Latest news:


Eating away over the winter

Some statistical thoughts
Discussion started by tallliman , 04 July, 2019 09:44
Some statistical thoughts
tallliman 04 July, 2019 09:44
I thought I'd try and lend a basic statistical insight into this season. I welcome those more well versed in stats than me to correct me. The below is a table of batsmen per county who have played at least 8 innings this season (2nd column), the number of those with above median runs (3rd column) and then those with upper quartile runs (4th column).

Of a total of 165 batsmen meeting the criteria, we'd expect about 9-10 for each county (assuming a level of consistency of selection), 4-5 above median and 2-3 in the upper quartile. On this basis, I'd argue that our batting isn't too far off what you'd expect assuming all the data is normally distributed. I'd also suggest that feels a bit odd given it feels like we've struggled to make enough runs....I'll look into the bowling to look at this from the other way.

Dur	9	5	2
Dy	11	7	5
Es	9	5	2
Gm	10	7	3
Gs	7	4	3
Ham	9	3	1
Kent	9	5	4
La	5	3	1
Le	8	4	2
Mx	8	4	2
Nr	11	5	3
Nt	10	5	3
Sm	12	5	2
Sx	10	6	2
Sy	10	7	3
Wk	11	3	2
Wo	7	2	0
Yor	9	3	2
	165	83	42

Edited 1 time(s). Last edit at 04/07/2019 09:46 by tallliman.

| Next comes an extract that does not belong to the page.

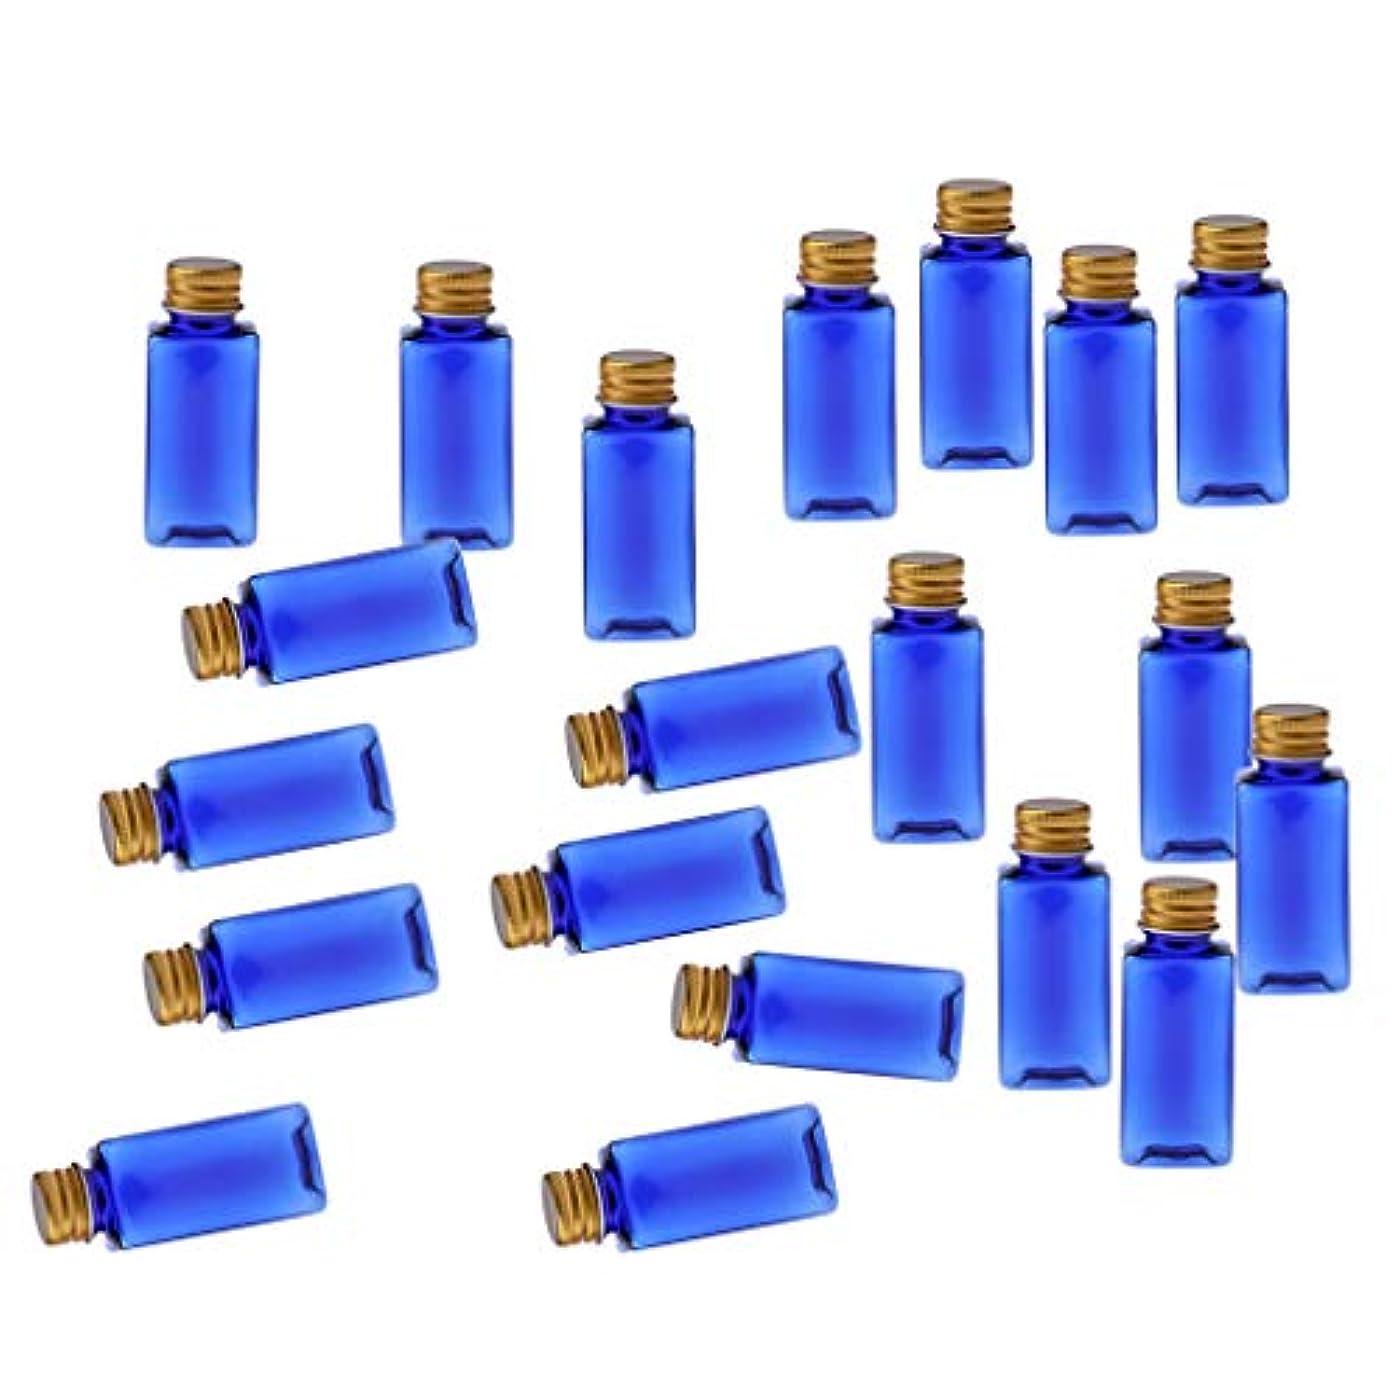 神聖航空機北方CUTICATE 化粧ボトル 香水ボトル 液体化粧品 エッセンシャルオイル 香水 ボディオイル 20個入り - ブルーゴールド

Re: Some statistical thoughts
adelaide 04 July, 2019 12:09

Just to clarify, when you refer to medians and quartiles are you referring to the median for players from that county or for all players (with >=8 innings)? Looking at the data, I think it must be all players.

You don't need to assume a normal distribution as by definition half fall on one side of the median.

That is just as well as most batsmens' scores do not follow anything like a normal distribution - too many zeroes and single figure scores, too many clustered around landmarks (particularly for Derbyshire this week. Oh, and no negative scores, which even we have not managed yet! However, if you look at an average (mean), the bigger the sample, the better the normal distribution becomes as a fit for those averages.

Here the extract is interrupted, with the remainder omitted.